In January, authorities in Kazakhstan said that 47 Kazakh citizens were repatriated from Syria.

Kazakh officials have said that hundreds of citizens of the Central Asian country went to Iraq and Syria to join IS fighters in recent years. Many, they say, were killed fighting as IS militants.

On April 30, neighboring Tajikistan repatriated 84 minors from Iraq, where their Tajik mothers have been imprisoned under charges of belonging to the extremist group Islamic State (IS) or are awaiting trial.

The Tajik government thanked the Kuwaiti and Iraqi foreign ministries as well as the UNICEF office in Baghdad for helping with the repatriation.

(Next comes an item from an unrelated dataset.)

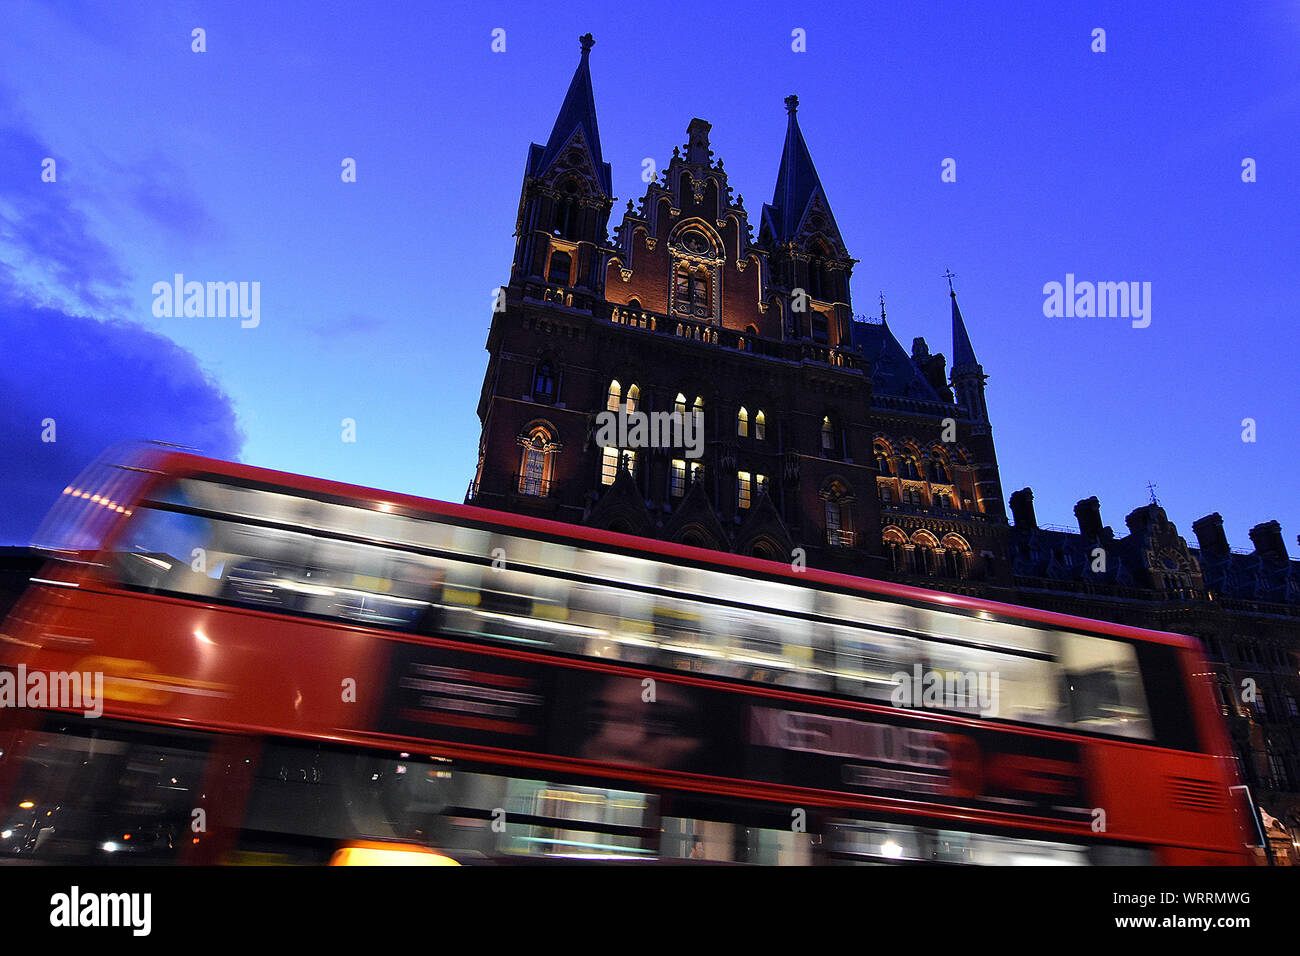 Blurred Motion Of Double-decker Bus By Church At Dusk Stock Photo
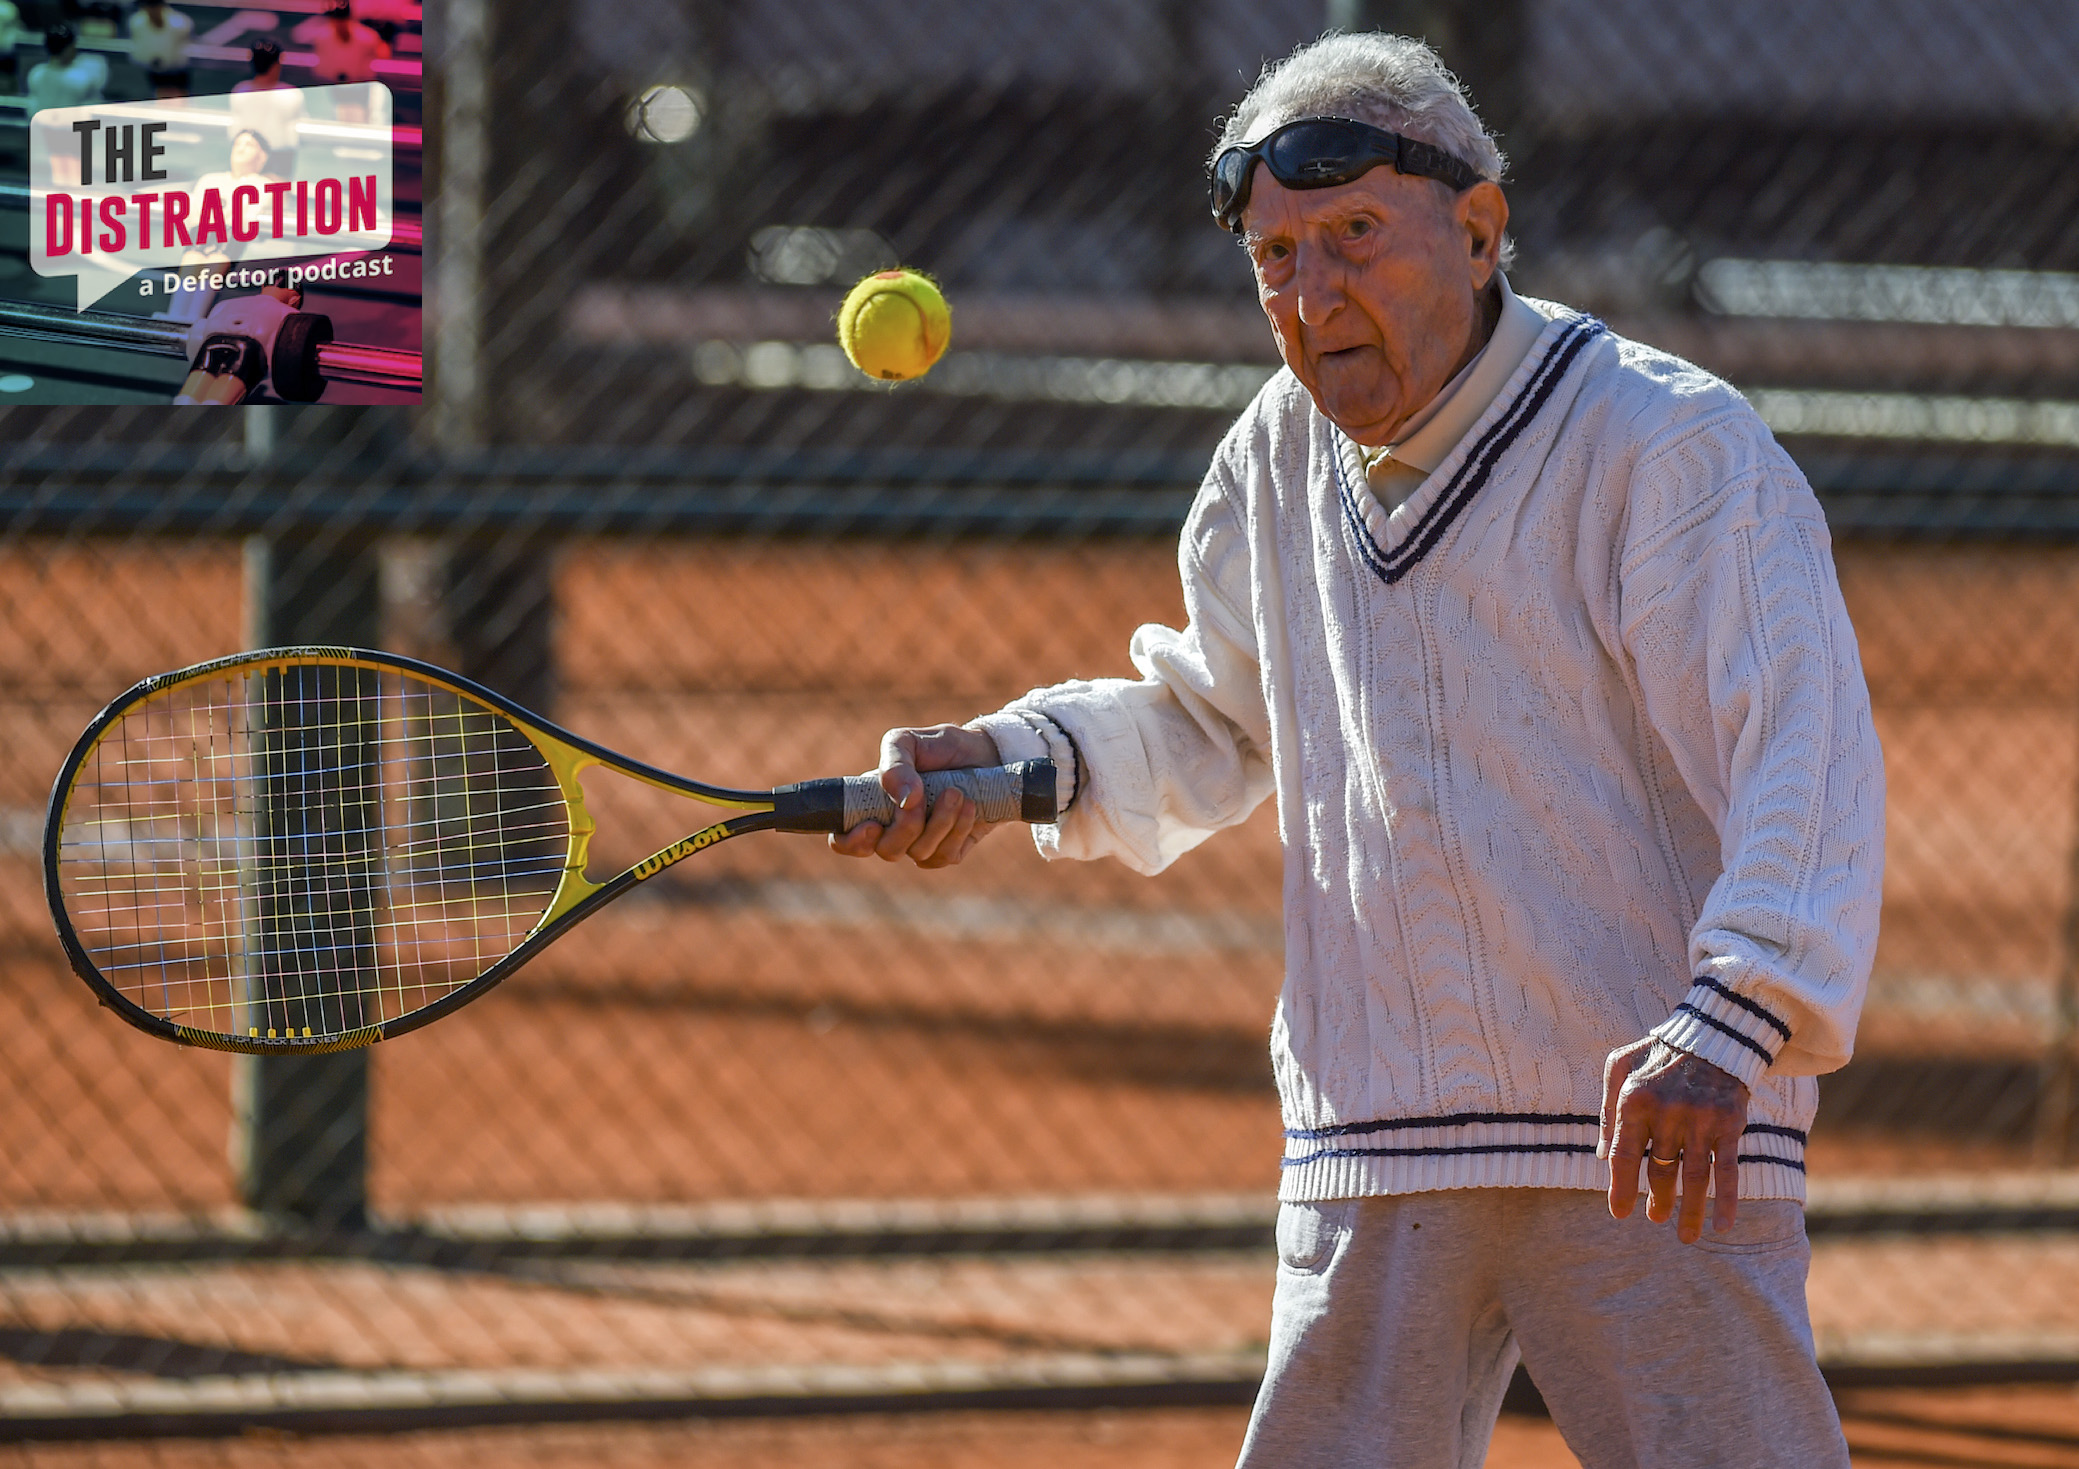 Armenian-born Argentine 100-year-old Artyn Elmayan plays tennis in Buenos Aires in 2017. The reason this image is on here is that this is our 100th episode.

Hundreds of Tajik citizens went to Iraq and Syria to join the IS group, according to the Tajik authorities, and Dushanbe has repeatedly said it doesn’t intend to leave any Tajik children behind in the two war-torn Middle Eastern countries, fearing that they might pose security threats in the long run.

Sergey Kwan

TCA

Sergey Kwan has worked for The Times of Central Asia as a journalist, translator and editor since its foundation in March 1999. Prior to this, from 1996-1997, he worked as a translator at The Kyrgyzstan Chronicle, and from 1997-1999, as a translator at The Central Asian Post.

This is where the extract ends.